→ **PROBLEM TO WORK ON**
Please give back the listing below word for word and drop any images.

→ **SUPPLIED MATERIAL**
##############################

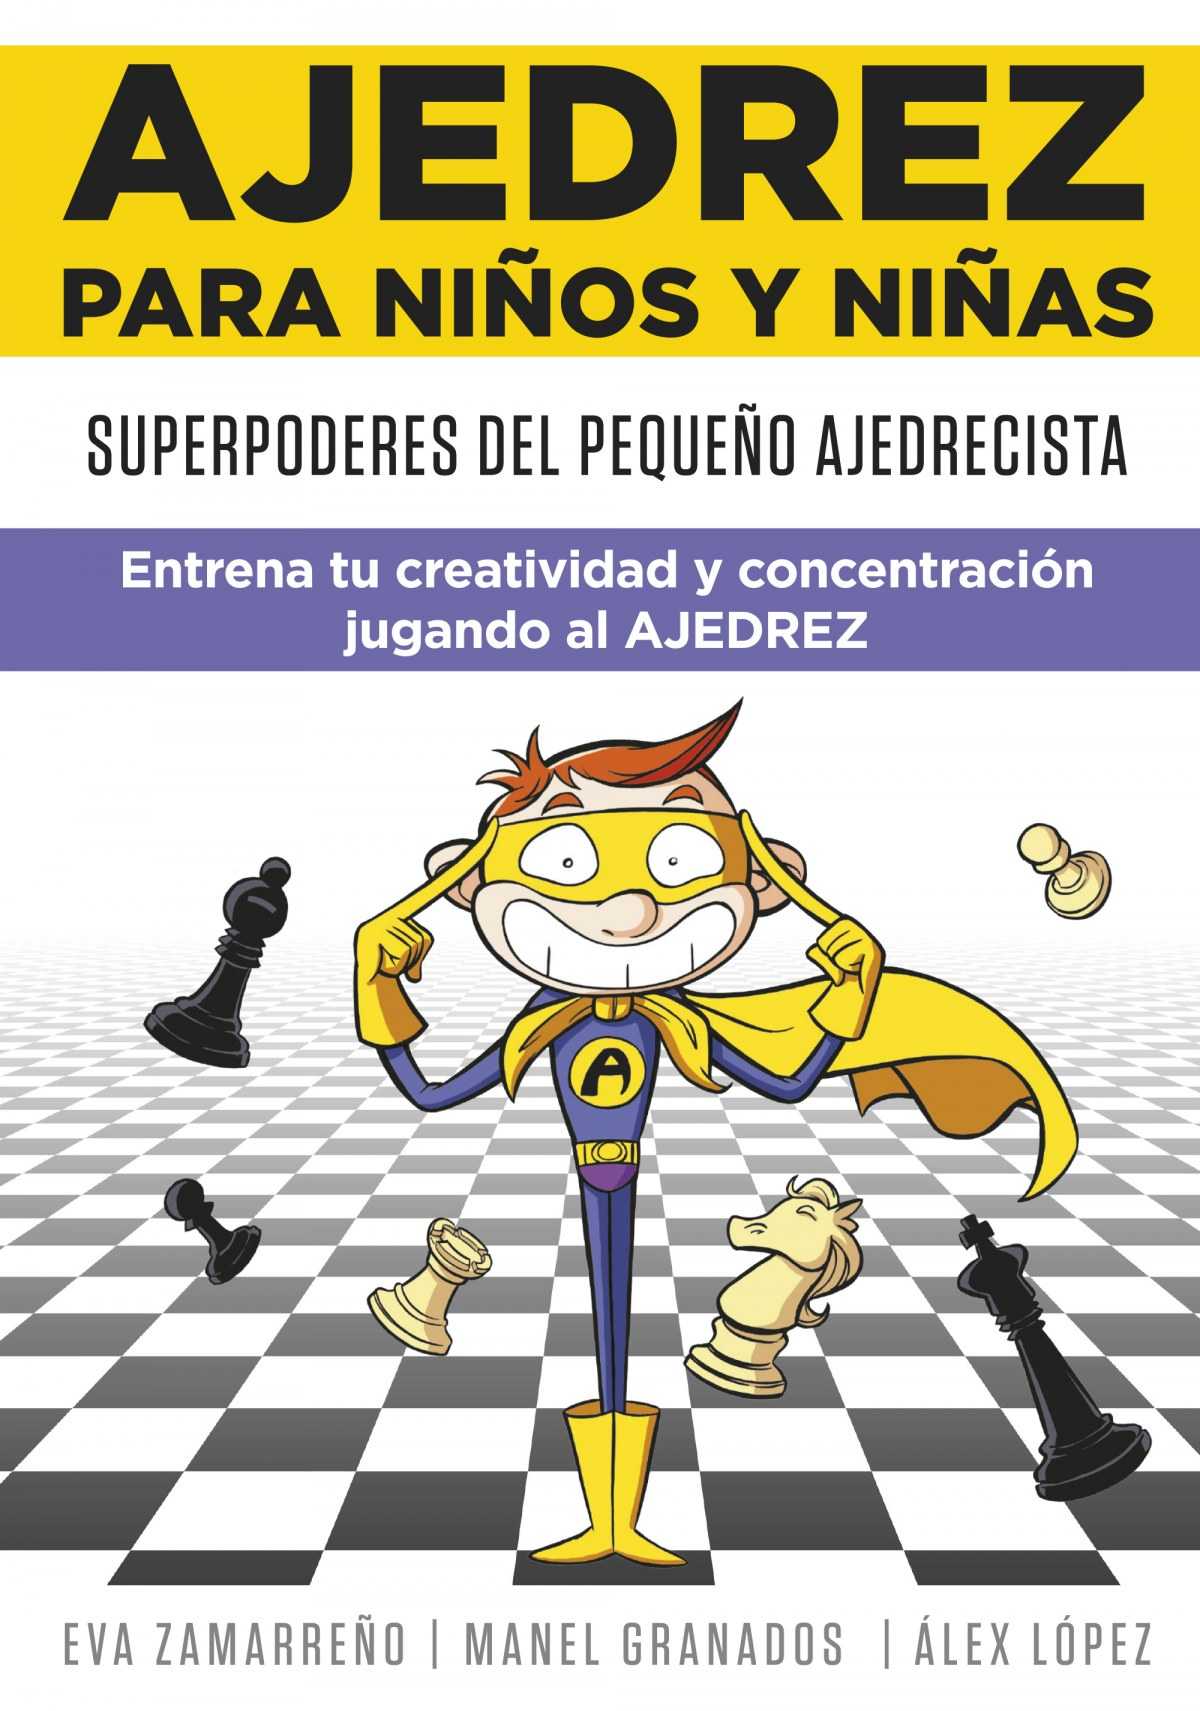 Superpoderes del pequeño ajedrecista 9788418594113
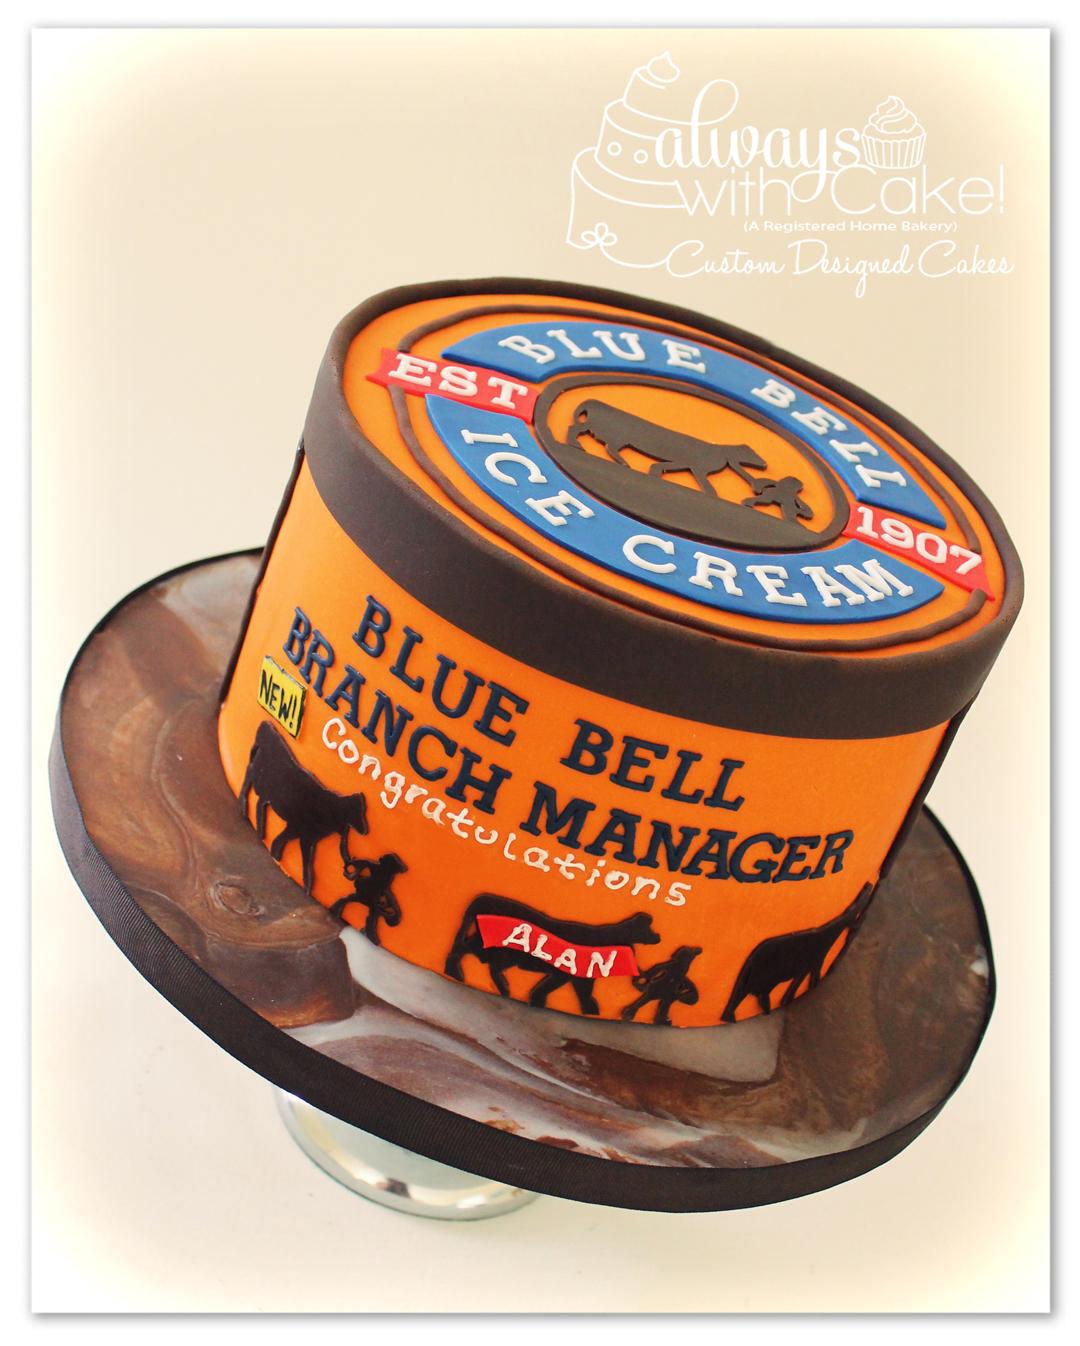 Blue Bell Ice Cream Tub Cake
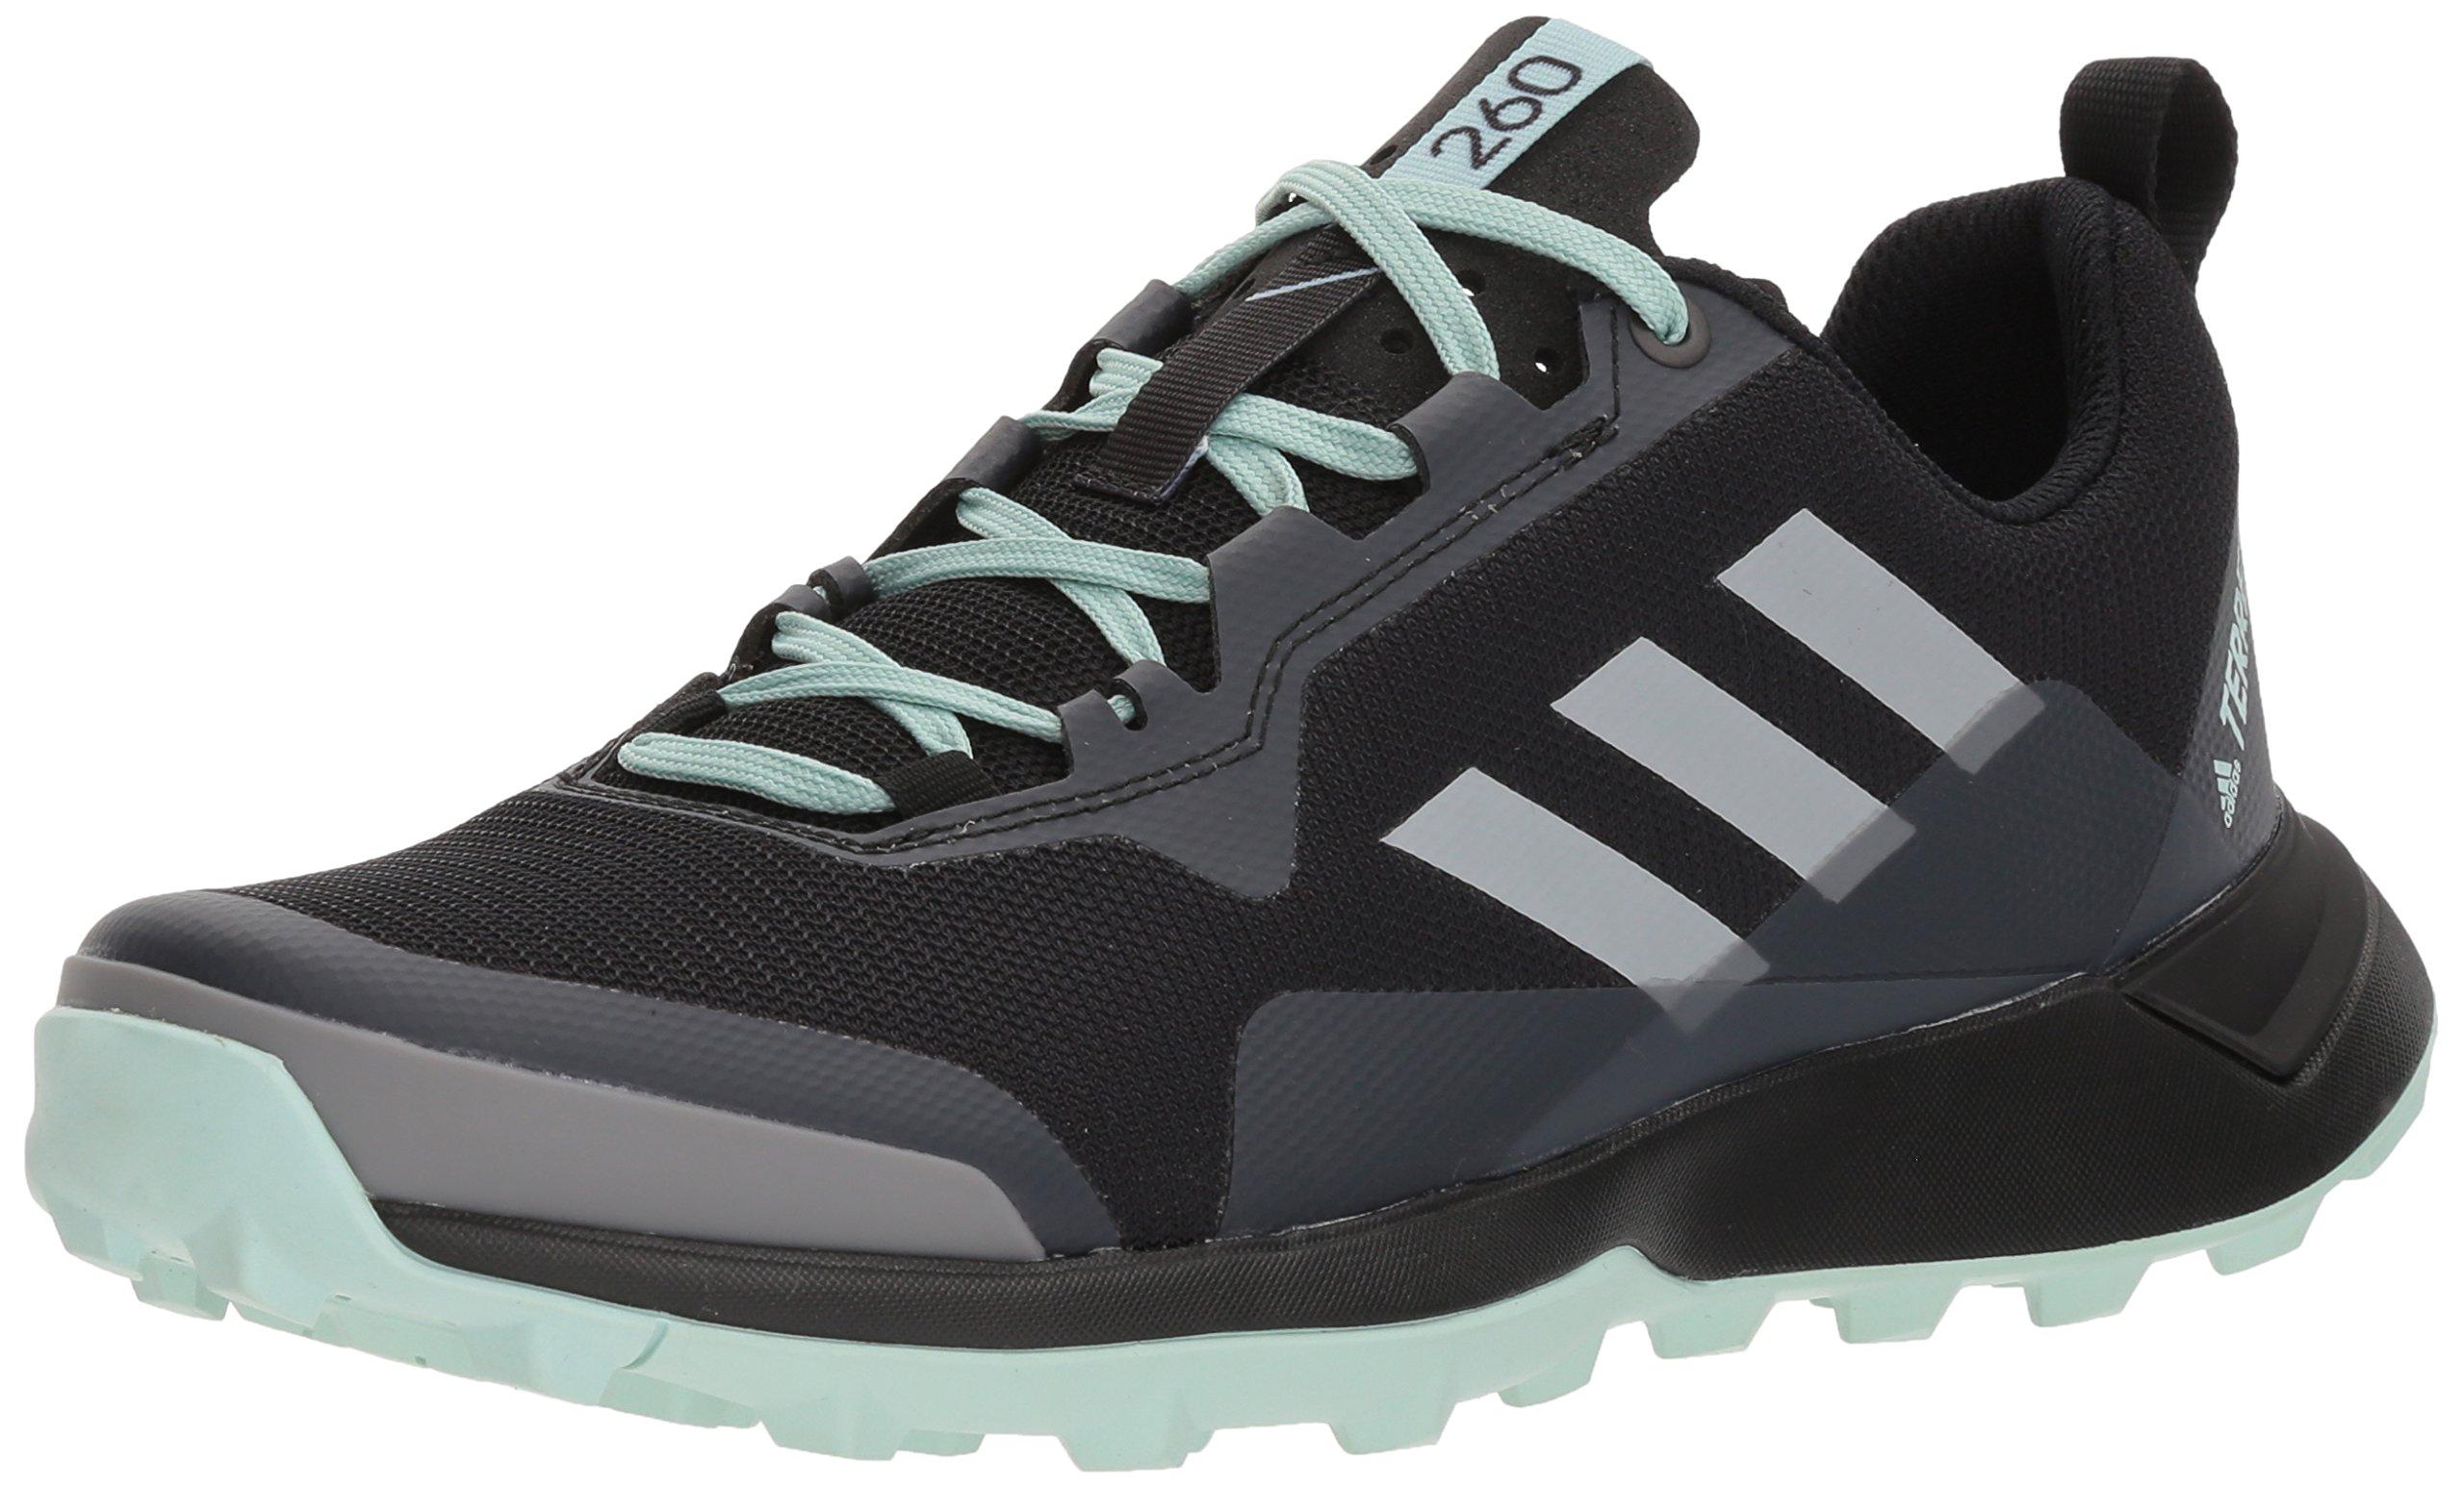 adidas outdoor Women's Terrex CMTK W Walking Shoe, Black/Chalk White/ash Green, 8.5 M US by adidas outdoor
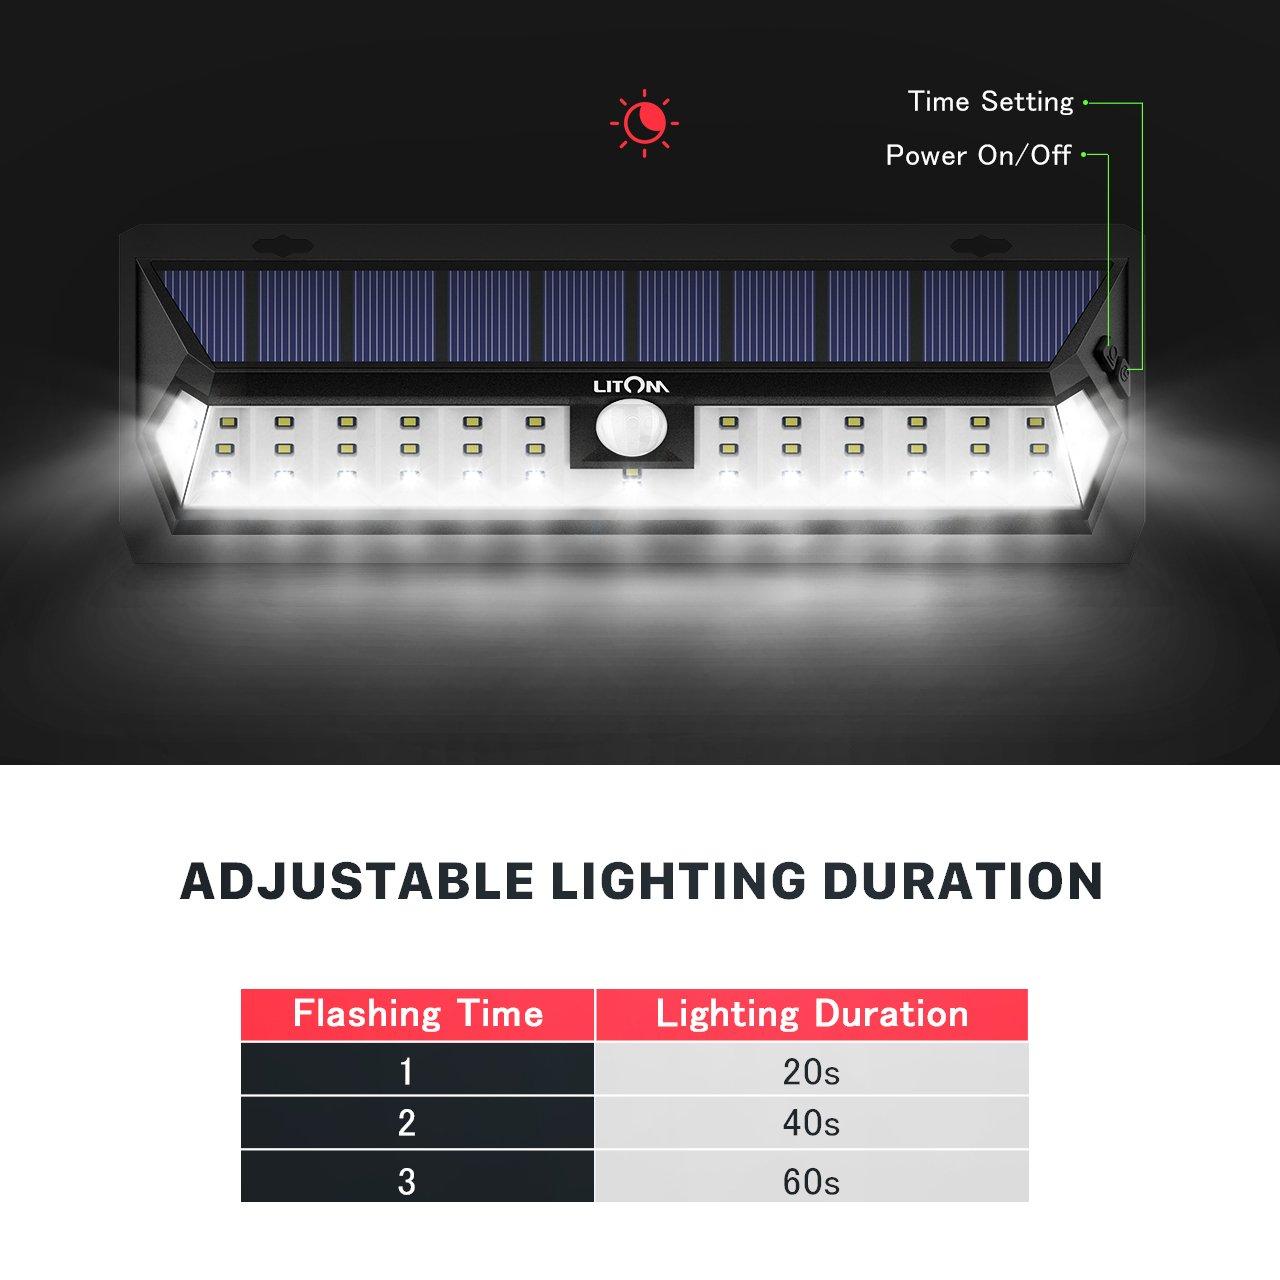 LITOM Solar Lights Outdoor 42 LED, Adjustable Lighting Time Solar Motion Sensor Light with 270° Wide Angle and Waterproof Design, Wireless Solar Lighting for Front Door, Yard, Garage, Deck (2 Pack) by Litom (Image #6)

##############################

→ **ANSWER AREA**
 Superpoderes del pequeño ajedrecista 9788418594113
 Blue Bell Ice Cream Tub Cake
 adidas outdoor Women's Terrex CMTK W Walking Shoe, Black/Chalk White/ash Green, 8.5 M US by adidas outdoor
 LITOM Solar Lights Outdoor 42 LED, Adjustable Lighting Time Solar Motion Sensor Light with 270° Wide Angle and Waterproof Design, Wireless Solar Lighting for Front Door, Yard, Garage, Deck (2 Pack) by Litom (Image #6)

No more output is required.